Rising surface ozone concentrations are damaging nearly $2 billion in annual U.S. soybean crops, a NASA study of satellite measurements indicates.

The study, headed by NASA Langley Research Center in Hampton, Va., was presented at the American Geophysical Union Joint Assembly meeting, May 24 in Toronto and looked at five years of soybean yields, surface ozone and satellite measurements of troposphere ozone levels in three Midwest states. Indiana, Illinois and Iowa are three of the biggest soybean producers in the U.S. and had peak crop damage in the hundreds of millions — part of more than $2 billion nationwide.

“In the 19th and early 20th century, background surface ozone concentrations were relatively low so that an increase of 25 percent (5 to 10 parts per billion) didn’t affect living organisms,” said Jack Fishman, a research scientist at NASA Langley’s Science Directorate. “But now, we’ve crossed the line where you can expect to see modest increases in surface ozone result in crop growth being stunted.”

Ozone can protect or harm life on Earth. Six miles above the surface, ozone in the stratosphere is a shield from the sun’s harmful ultraviolet radiation. In the troposphere or the closest layer (surface to 6 miles) ground-level ozone is a pollutant made from reactions between sunlight and human-induced emissions harmful to breathe and damaging to plants.

The severe heat of the Midwest each summer has combined with manmade emissions to create smog and increasingly higher levels of its primary component, surface ozone, over the past several decades.

Fishman, former NASA Langley employee Jack Creilson and other researchers used soybean crop yield data during a 5-year period over the Midwest and analyzed the results using multiple computer models. The results are consistent with conventional ground-based measurements and with data obtained from an open-air experimental facility SoyFACE (Soybean Free Air Concentration Enrichment) at the University of Illinois at Urbana-Champaign.
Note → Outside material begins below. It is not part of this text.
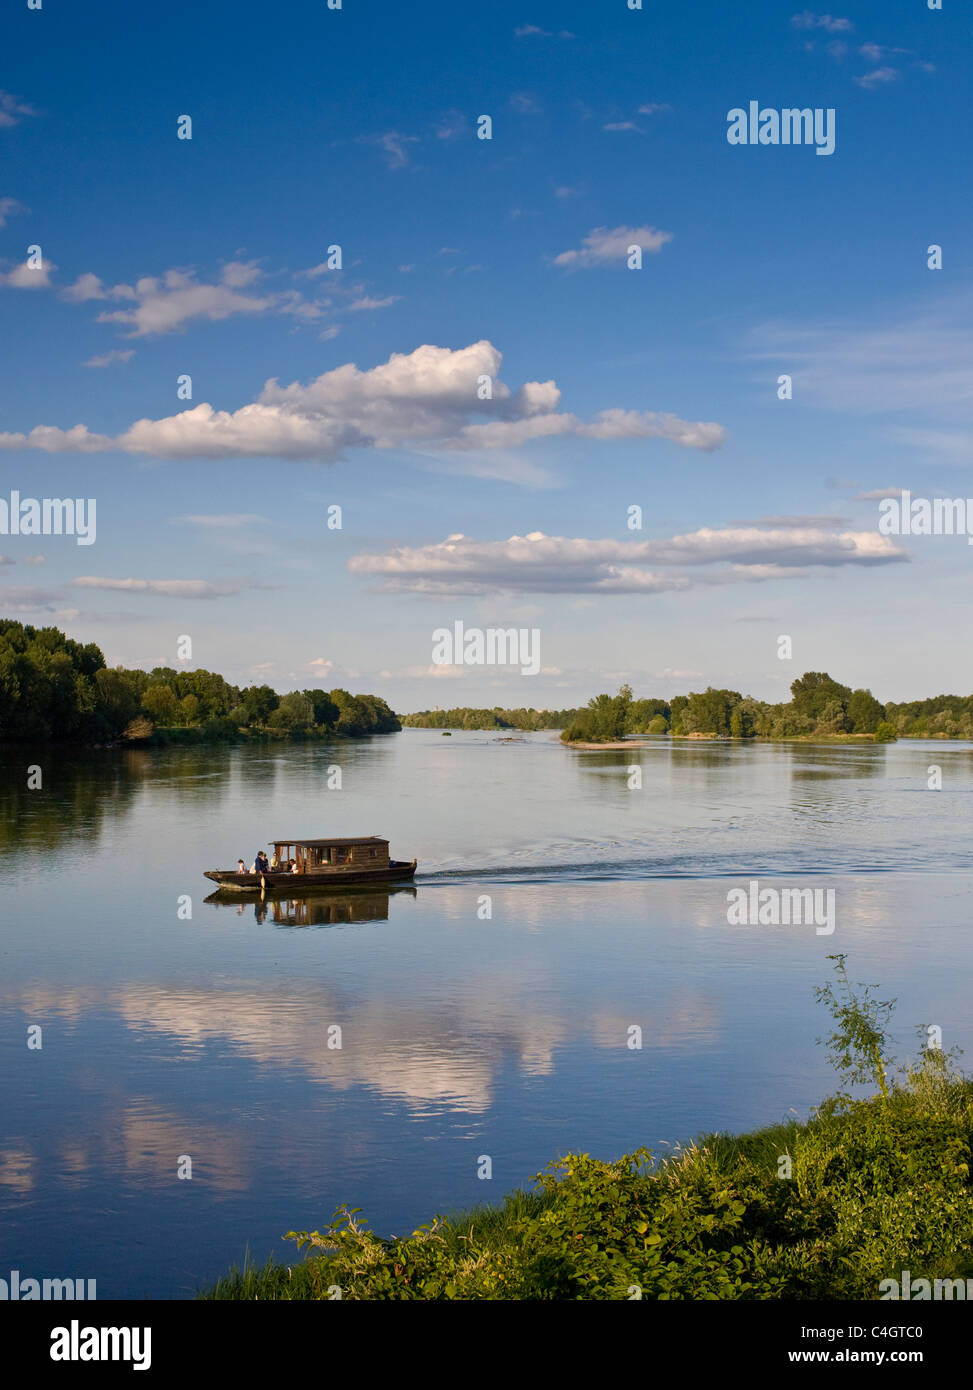 Wooden motor boat on the River Loire at Candes St Martin, Loire Valley, France Stock Photo
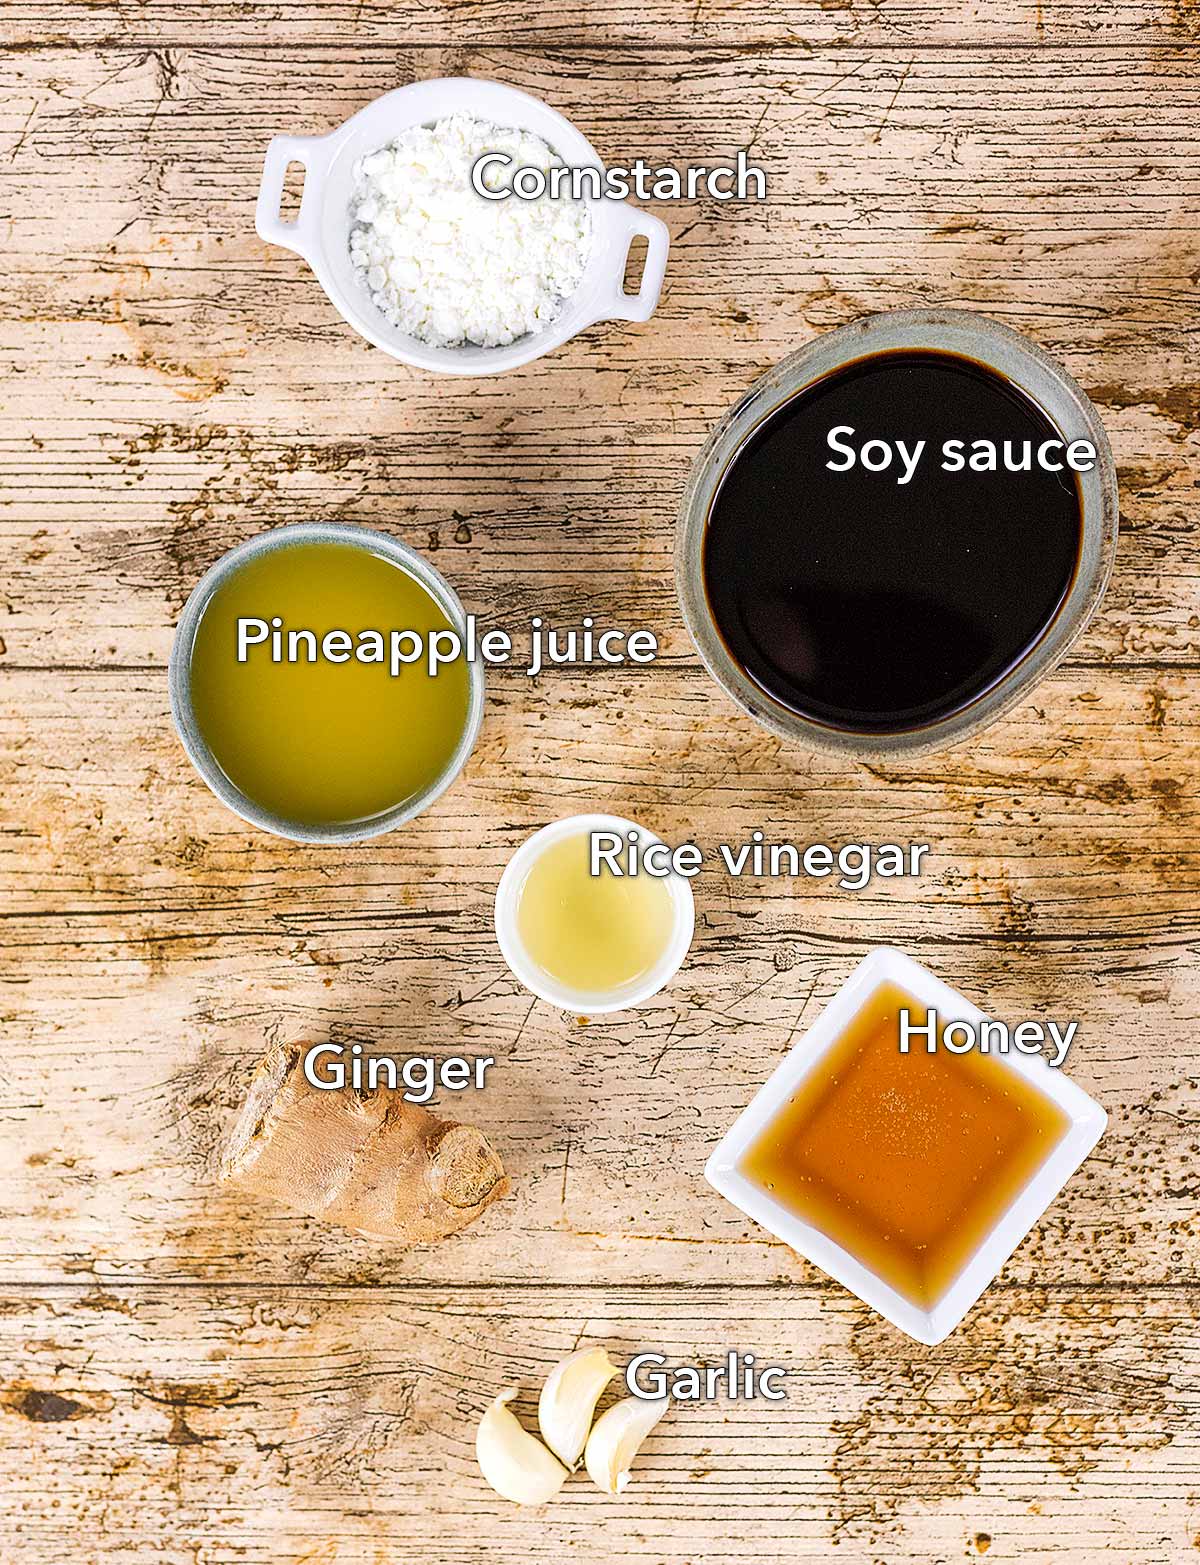 The ingredients for homemade teriyaki sauce laid out on a wooden surface.

Their analysis suggests that the cost to the farmers globally is substantial, and supports other studies that calculate an economic loss of more than 10 billion dollars annually.

Until now, the question of ozone impact on crop yield was mostly addressed by closed, chamber studies and on a larger scale at open-air facilities like SoyFACE. The study proved that space-borne satellite measurements of troposphere ozone derived from NASA’s Total Ozone Mapping Spectrometer (TOMS) prior to 2005, and from the Ozone Monitoring Instrument (OMI) since 2005 are useful indicators of surface ozone concentration over a far broader area than ground-based monitors.

The study used both satellite and surface observations of ozone, historic yield data and a sophisticated statistical model that also included factors such as ozone, temperature and soil moisture.

Creilson, now at the Climate System Research Center at the University of Massachusetts, said the advantage of the satellite-derived method is that it can be used worldwide. Poorer countries have little monitoring capability and even in the U.S., croplands are so vast that a land-based network of ozone sensors would be extremely expensive to construct and maintain.

“You have these farming locations that have no way of measuring surface ozone,” Creilson said. “What we had to do was come up with a way of showing them there’s a benefit of having the information.”